In the current market environment, dental practices have more options than ever when choosing a dental service organization (DSO) to partner with. These opportunities for solo and group practices, many extremely favorable, begin with a decision that results in a potentially lifelong commitment.
“I always like to say it’s like marriage,” Colao said. “You have to pick the right partner and someone who’s a match and a good fit, someone you’ll be able to get along with.”
Similar to marriage, there are distinct stages of courtship a dental practice should consider before committing to partnering with a DSO. Although a few select practices are perfectly happy with partnerships that are equivalent to a Las Vegas shotgun wedding, the ideal scenario comes from doing adequate research to find your best match.
One of the first factors to consider when partnering with a DSO is whether it’s the right time for such a commitment. As an owner of a solo or emerging group practice, the type of multiples the dental industry is seeing from acquisitions is unprecedented.
It’s not uncommon for owners to see four to six times a multiple when partnering with a DSO and even higher when a private equity group acquisition is on the table. While price isn’t the only factor to consider, the industry is currently ripe with opportunity.
Owners should also consider what stage of life their own practice is in. Whether a young owner wants to capitalize on his or her emerging practice’s profitability and the industry’s multiples, or an owner close to retirement wants to lessen the responsibility of running a practice, each presents favorable opportunities and timing.
“Really, anyone who wants to expand beyond one or two offices should be reorganized as a DSO in this marketplace, because it’s the only structure that will allow for non-dentist participation as an investor,” advised Colao.

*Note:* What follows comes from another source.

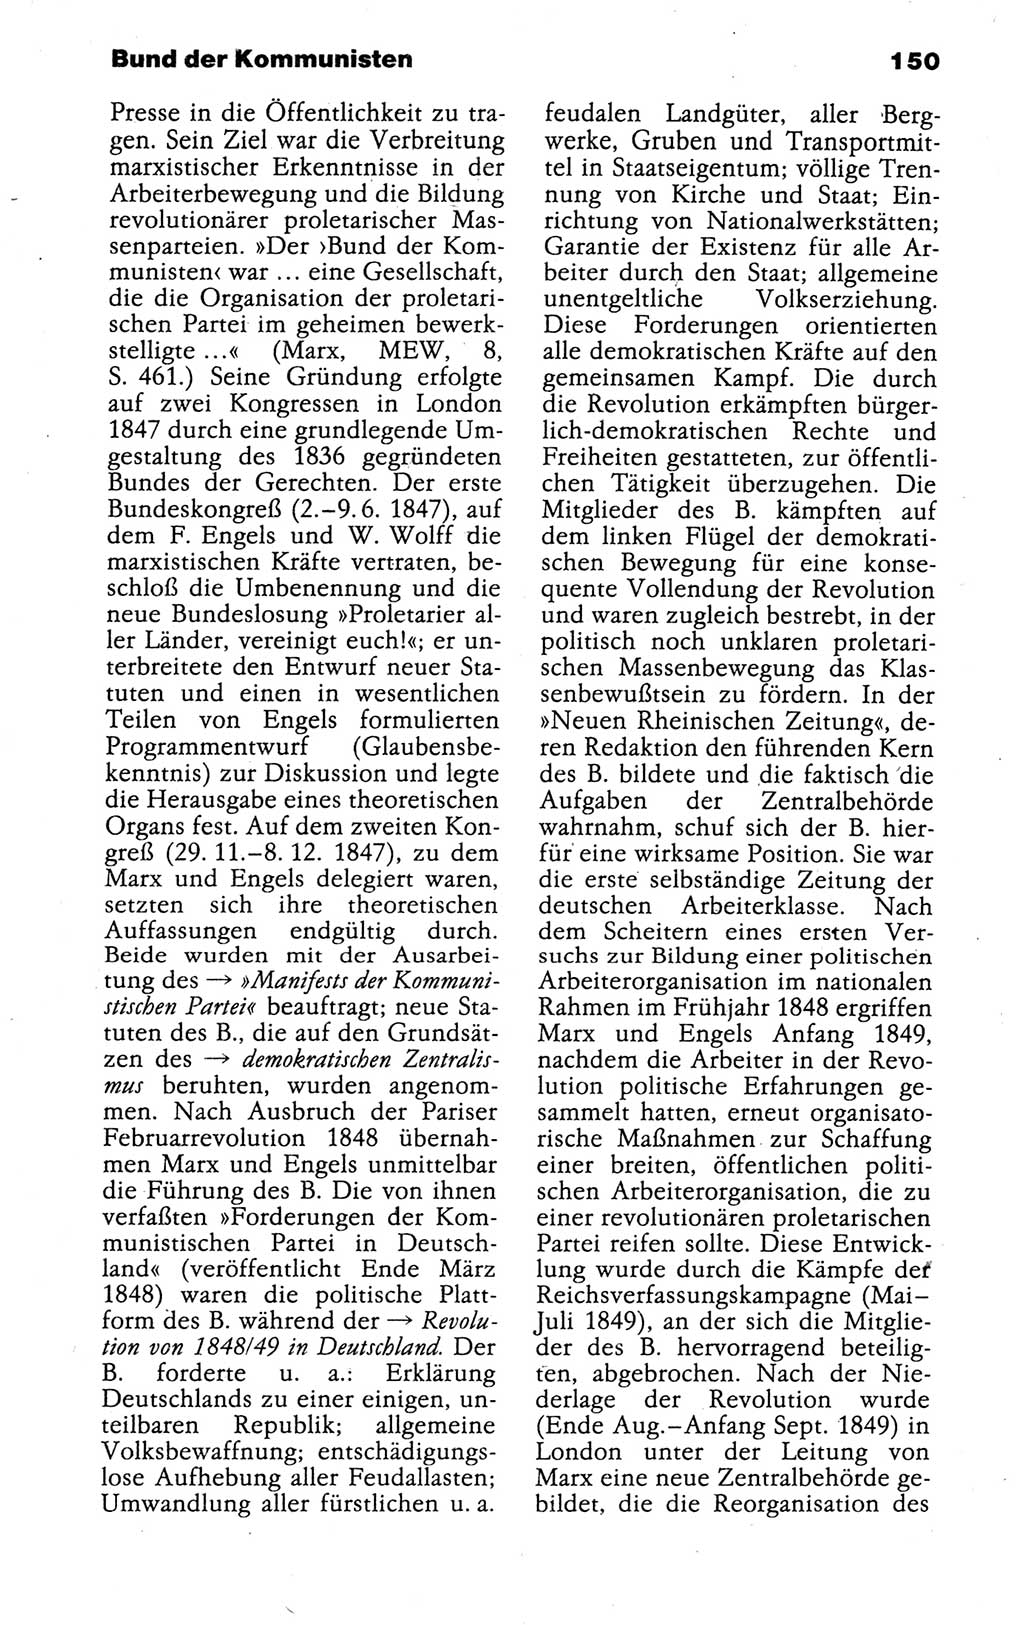 Kleines politisches Wörterbuch [Deutsche Demokratische Republik (DDR)] 1988, Seite 150 (Kl. pol. Wb. DDR 1988, S. 150)

Regardless of age, practice owners should ensure they invest in their business to put their best foot forward prior to entertaining offers from DSOs. A practice should have a growth plan that can be easily replicated across offices, as well as the infrastructure in place to support such growth.
Investing in leading technology for operational solutions, such as scheduling software, phone management systems, and billing systems, can heavily influence the type of offers practices see from DSOs. If a practice has invested in itself and is effectively running its business to provide patients an optimal experience, it’s an indicator to DSOs of the practice’s success and future growth.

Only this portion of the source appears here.